A big disappointment for me.
did LOOKOUT stop LOOKING?
>> did LOOKOUT stop LOOKING?
I’m not sure what you mean?
The only way that I know of to get a search bar inside Outlook is to install the Live Toolbar for IE. This integrates with WDS and has an optional Outlook toolbar. Works quite nicely.
I looked at WDS as a Lookout replacement. The main thing I like about it is that it auto-previews emails (and presumably documents, but I never search for those). However you can’t index offline PST files, unless you trick it by creating extra Outlook profiles, and it slows my laptop down considerably (a 1.8GHz Pentium M with 1GB RAM). I think I’ll be going back to Lookout for now.
Hey John,
9 months later
I installed the latest version of this a few months ago when I got back into the OneNote 2k7 scene.
I’m actually quite pleased with it, this time around. Works great with my Outlook and OneNote stuff and doesn’t seem to clobber my (work) machine’s 3.something or other AMD processor.
I’ll agree that It would be nice to have the search bar in Outlook, but generally I’ve adapted to having it down there on the taskbar.
I’m not sure I’ve run into the “offline PST” issue. It has indexed my local archives, for what that’s worth.
Thanks for the reply, Chris. WDS runs fine on my home PC, but my work laptop is somewhat old and creaky.
I know this was an old post, but it was a help for me, and I wanted to answer some of the questions rasied about the toolbar.
By “offline PSTs”, I mean PSTs that aren’t loaded into Outlook. For work I have a PST per year, and there’s a *lot* of mail in them, so I don’t keep them open all the time. Lookout indexes them anyway, once it knows about them, and you can double-click to directly open mails from the PST, even though it’s not currently open in Outlook.

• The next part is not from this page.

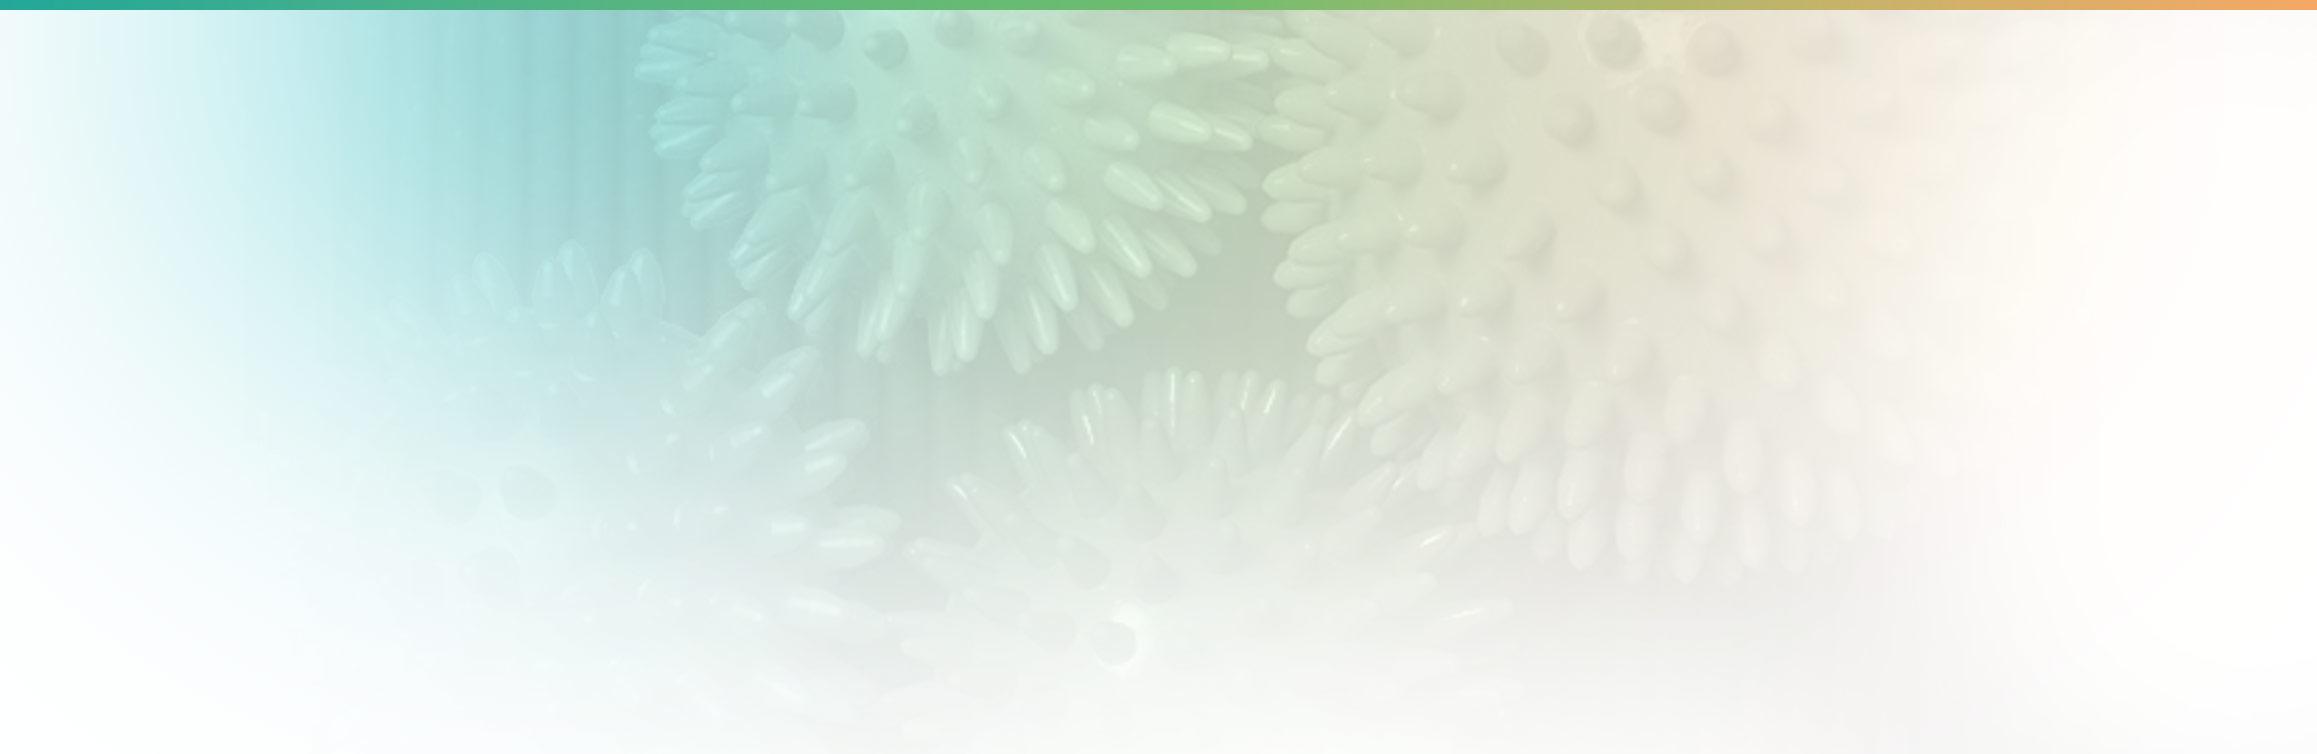 background_kontakt

With WDS, you have to create a dummy Outlook profile, load the PSTs, open them and let WDS index them. Then close Outlook and reopen it in your normal profile and the indexed “offline” PSTs are still searchable in WDS. You can’t double-click on the mail item to open it, as Outlook doesn’t have it loaded, but can you read them in the WDS preview pane.
I hope that makes sense! I’m just getting to grips with Vista and OL2007 on my home PC, and between built-in WDS and the improved Outlook search, I have high hopes I won’t need Lookout any more.